‘And I said to myself-a doctor? Yes. Just what we need. Dr Rochester needs help so much. But then I saw the pencilling saying massage and I said to myself we don’t need a massage parlour here-that’s the last thing we want in a respectable town like this-and I phoned Fred on the town council before I went to bed. But he said it’s not like I think-it’s a proper nice massage that you get when you hurt yourself and then he told me who it was who’d applied to run it and I was so excited. I thought I’d come down this very morning to see for myself and… Oh, my dear, it is so good to see you again.’

The Crimplene flooded toward her again and Ally managed to give Darcy a despairing glance before she was once again enfolded.

‘Um… It seems you two know each other,’ Darcy said.

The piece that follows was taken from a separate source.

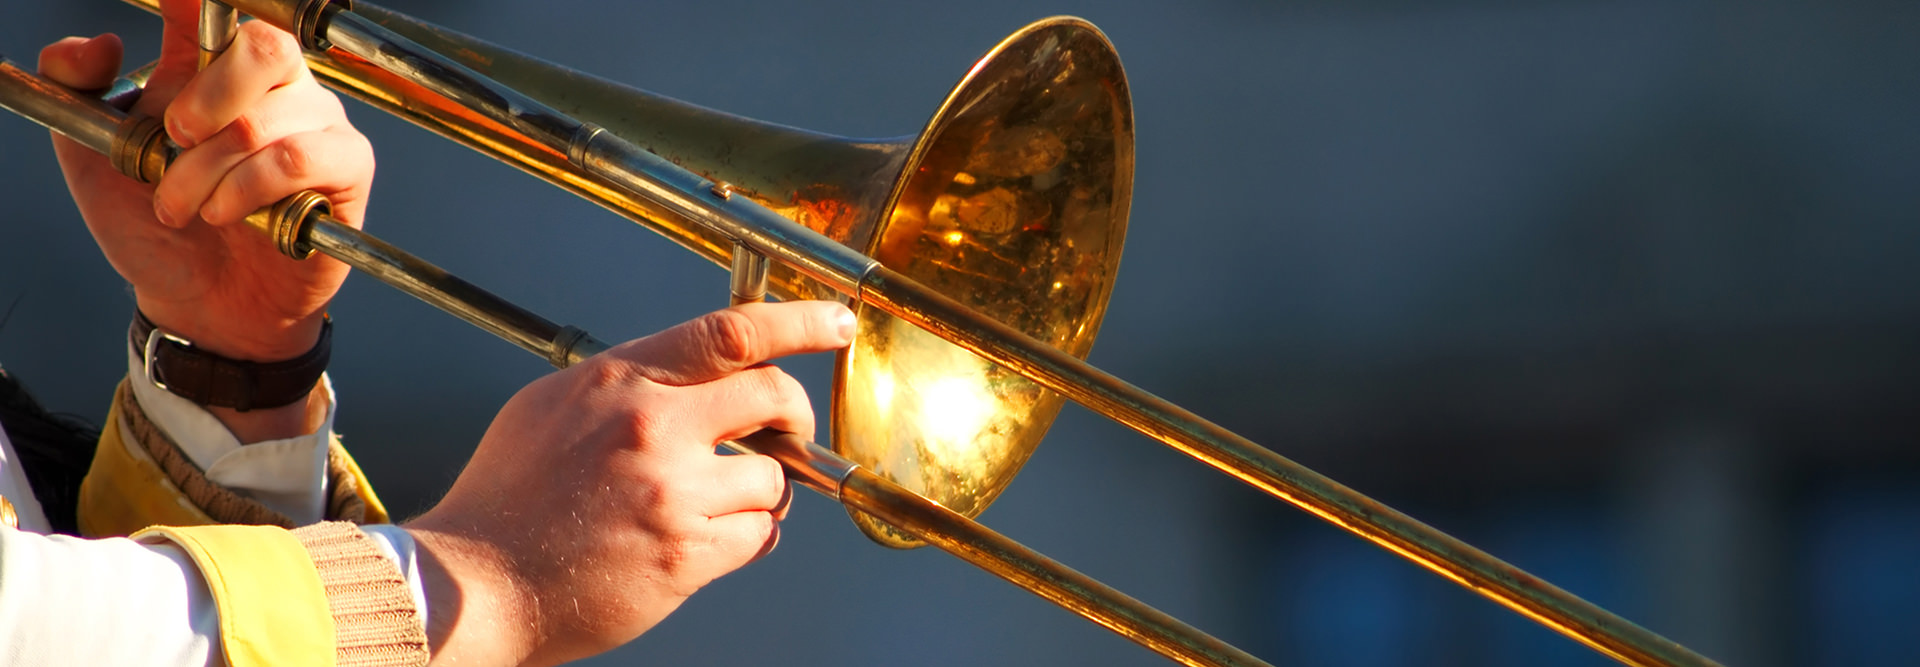 playing-trombone-in-somerville.jpg
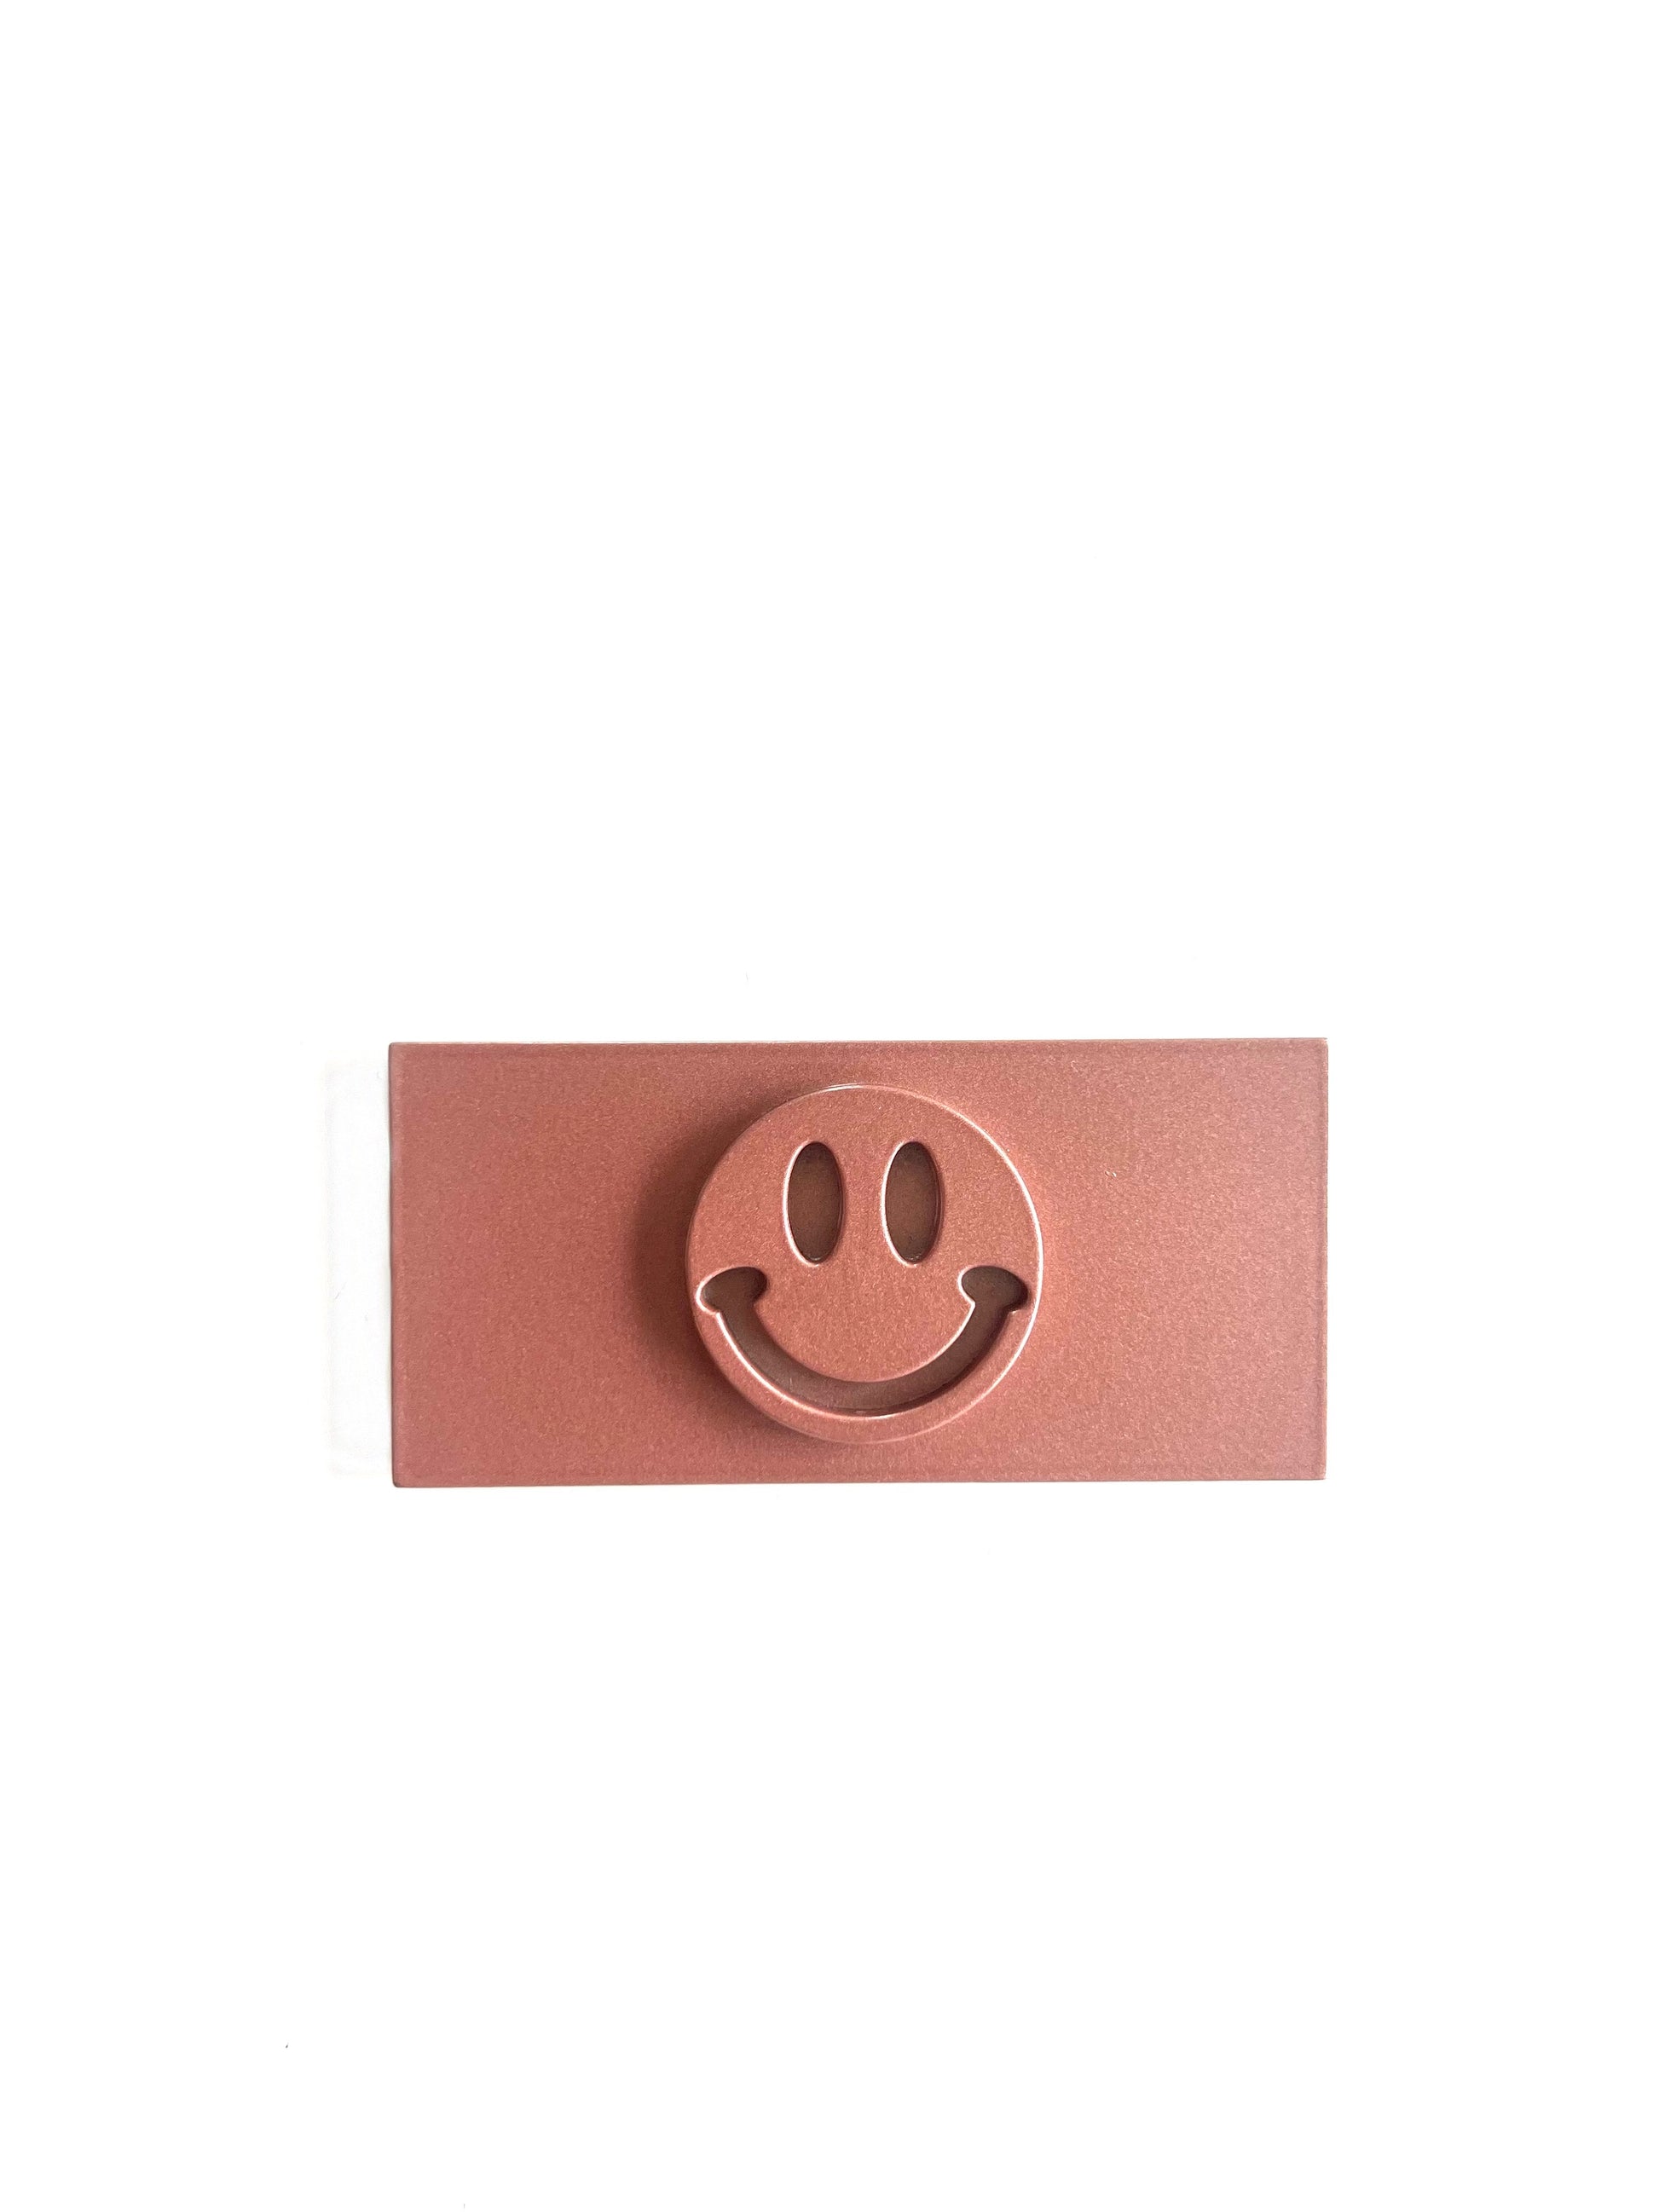 POPIRON ACCESSORY - SMILEY SHAPE PLATE (7110527123535)

‘Mmph.’ It was all Ally could manage.

‘And you’re using your grandpa’s name,’ Doris was saying. ‘Dr Westruther. How wonderful is that? I never did like Lindford. Evil is as evil does and…’ She caught herself. ‘Well, he was your father and he’s long dead so maybe I shouldn’t be speaking ill of him. But if your poor mother had just decided to go back to using Westruther…’ She gulped and hauled back, still hanging onto Ally but beaming across at Darcy. ‘Isn’t this just wonderful? A Dr Westruther in Tambrine Creek again after all these years.’

‘She’s a masseur,’ Darcy said, and Ally glowered.

‘Don’t say it like I’m a dung beetle.’

‘Oh, I’m sure he doesn’t mean it, dear,’ Doris told her. ‘He’s the best thing since sliced bread is our Dr Rochester. Do you know, we didn’t have a doctor for five years before he came. And he’s so nice.’

‘I can see that,’ Ally agreed.

‘I did hold the ladder,’ he told her. ‘And I got blue hands.’

‘You scared me.’

‘Your grandpa was the doctor here?’

‘Grandpa died seventeen years ago.’

‘That’s when Ally left town,’ Doris told him. ‘Her father came and took her away. Nothing we could say made any difference. But…he looked after you, didn’t he, lass?’